Understanding domains helps you avoid undefined expressions and ensures you work within the limits of the function.

Polynomial functions are mathematical expressions involving a sum of powers of \( x \), each multiplied by coefficients. They are a fundamental concept in algebra and calculus.

- **Structure**: Generally, a polynomial function is written as \( a_nx^n + a_{n-1}x^{n-1} + ... + a_1x + a_0 \), where \( n \) is a non-negative integer and \( a_n, a_{n-1}, ..., a_0 \) are constants.

- **Example**: In our exercise, \( f(x) = 2x + 3 \) and \( g(x) = x^2 + 1 \) illustrate linear and quadratic polynomials respectively. Functions like \((f+g)(x)\) and \((f-g)(x)\) are also polynomials with operations conducted term by term.

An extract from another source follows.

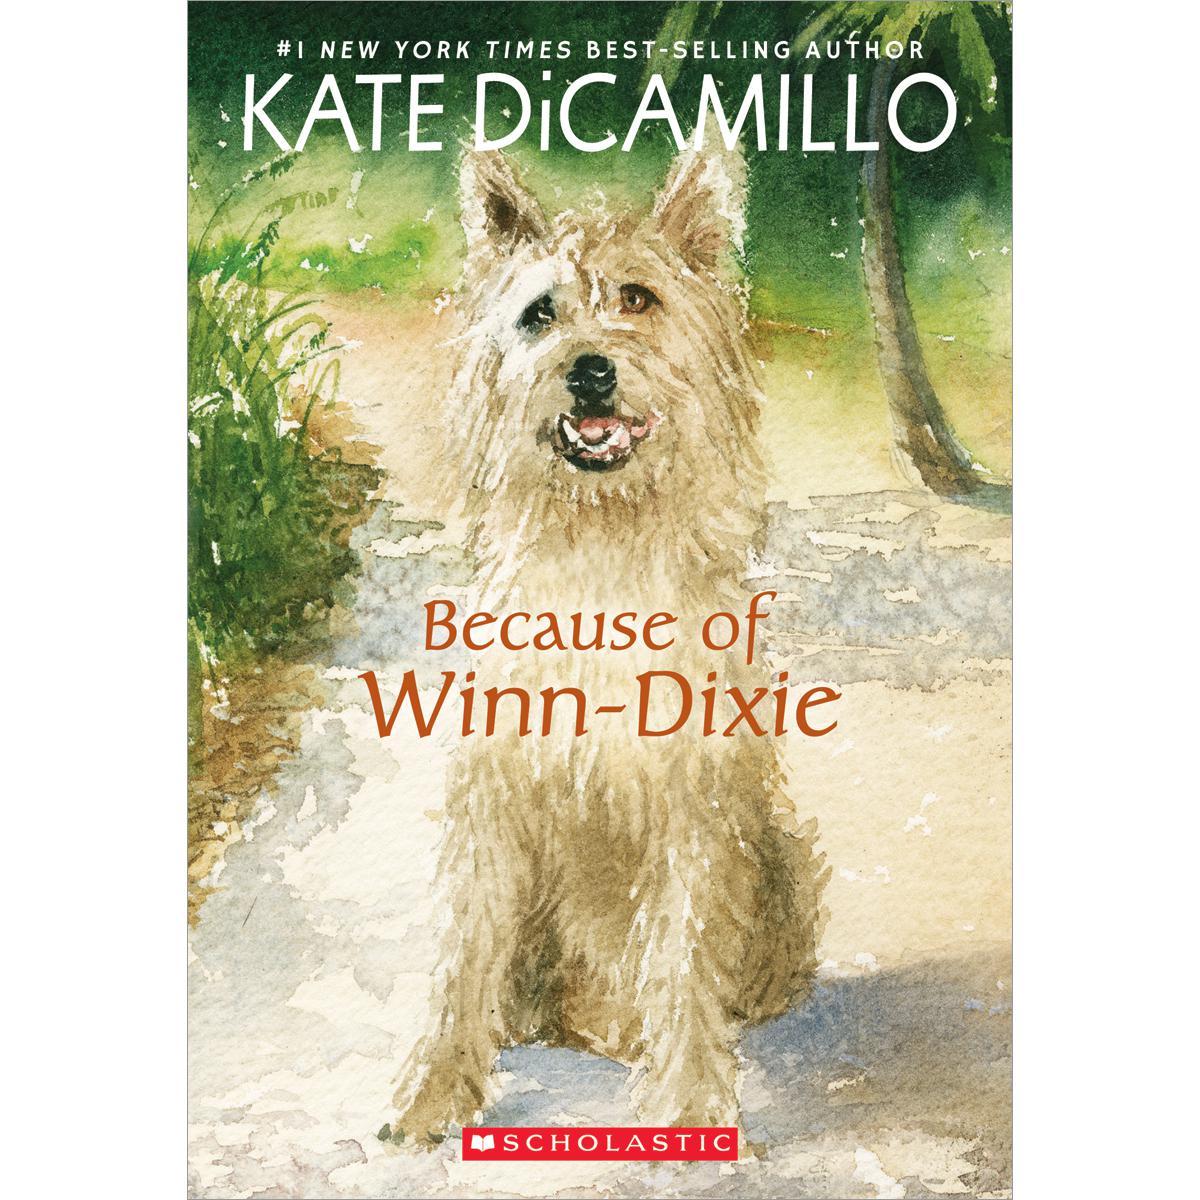 Because of Winn-Dixie 6-Pack

- **Properties**: These functions have a domain of all real numbers \( \mathbb{R} \) because there are no restrictions on the input values. They can be added, subtracted, and multiplied to produce another polynomial function, but dividing usually results in a rational function instead of a polynomial.

Polynomial functions are versatile and appear frequently in various mathematical models used in science and engineering.

Rational functions are a type of function expressed as the ratio of two polynomials. They take the form \( R(x) = \frac{P(x)}{Q(x)} \), where both \( P(x) \) and \( Q(x) \) are polynomials. Understanding rational functions is essential because they appear in several complex mathematical and real-world scenarios.

- **Components**: The numerator and denominator of a rational function can each be a polynomial of any degree. For example, in \( (f/g)(x) = \frac{2x+3}{x^2+1} \), \( 2x+3 \) is a first-degree polynomial, and \( x^2+1 \) is a second-degree polynomial.

- **Domain Considerations**: A key aspect is that the denominator cannot be zero, as division by zero is undefined in mathematics. For our example, \( x^2+1 \) is never zero for any real number, simplifying the domain to \( \mathbb{R} \).

- **Behavior**: Rational functions can exhibit horizontal asymptotes, vertical asymptotes, and holes depending on the degrees and factors of the polynomials involved. While our example doesn't have any discontinuities, this is a common characteristic in other rational functions.

Understanding rational functions and their properties, including asymptotic behavior and domain restrictions, is critical for deep mathematical understanding and application in problem-solving.